Core data models

In order to ensure interoperability, gufe defines objects that represent the core chemistry and alchemistry of a free energy pipeline, including molecules, chemical systems, and alchemical transformations. This provides a shared language that different tools use.

Ligand network setup

Gufe defines a basic API for the common case of performing alchemical transformations between small molecules, either for relative binding free energies of relative hydration free energies. This handles how mappings between different molecules are defined for alchemical transformations, by defining both the LigandAtomMapping object that contains the details of a specific mapping, and the AtomMapper abstract API for an object that creates the mappings.

Simulation settings

In order to facilitate comparisons of different approaches, gufe defines a hierarchy of simulation settings. This allows certain settings (such as temperature and pressure) to be consistent across different simulation tools, while allowing additional custom settings specific to a given tool to be defined.

Protocols

The actual simulation of a free energy calculation is defined by a gufe Protocol. The Protocol is described as a set of tasks, each a ProtocolUnit, which may depend on other tasks. As such, they form a directed acyclic graph.

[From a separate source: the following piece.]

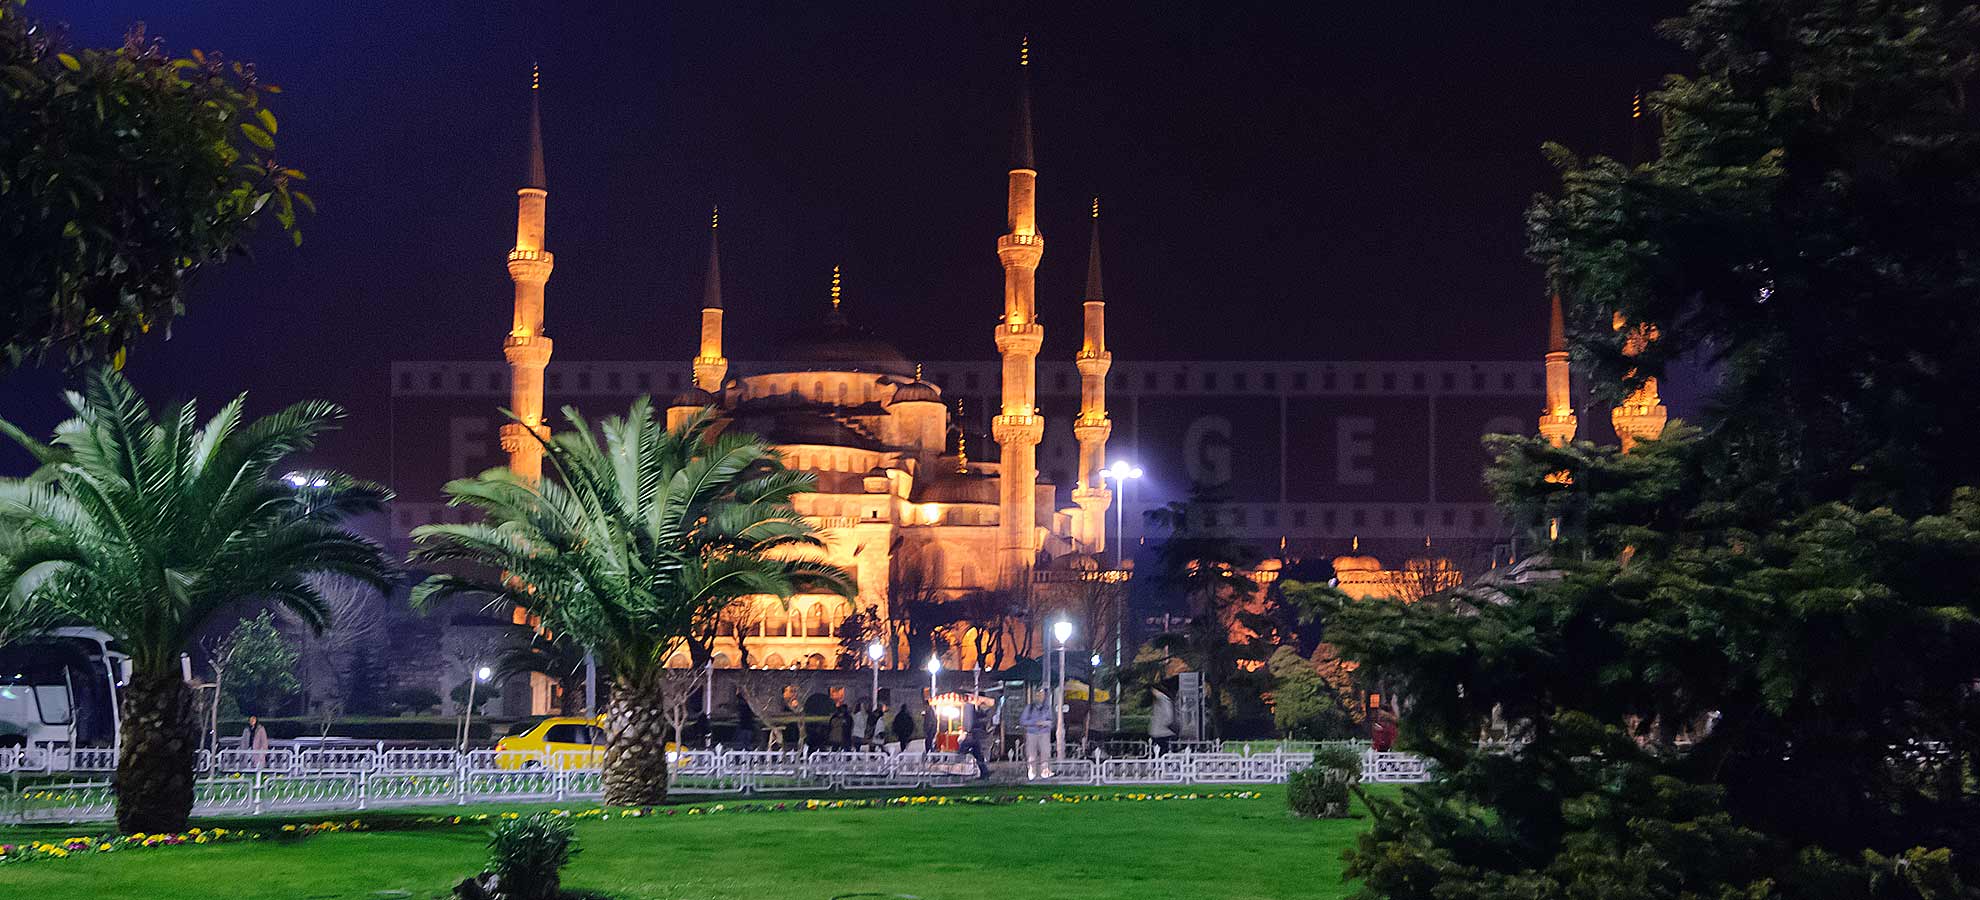 Blue Mosque Isanbul lit up at night

Gufe does not implement any free energy protocols, but by providing the abstract API, allows protocol authors to create new simulation protocols without needing to focus on the details of execution or storage.

Executors

Executors actually run the simulations described by the Protocol. gufe does not define an executor API, although it includes the very simple serial executor in execute_DAG().

The responsibilities of an executor include running the tasks (units) for a Protocol and managing storage of output. Gufe contains some tools to facilitate that, particularly around storage, but it is up to the executor to determine how to/whether to use those.

Strategies

Strategies have yet to be implemented, but the gufe design leaves a place for an object that, at the scale of an alchemical network, can dynamically decide where to focus more simulation effort based on the results that have been received so far. This will be useful for adaptive approaches to sampling a network.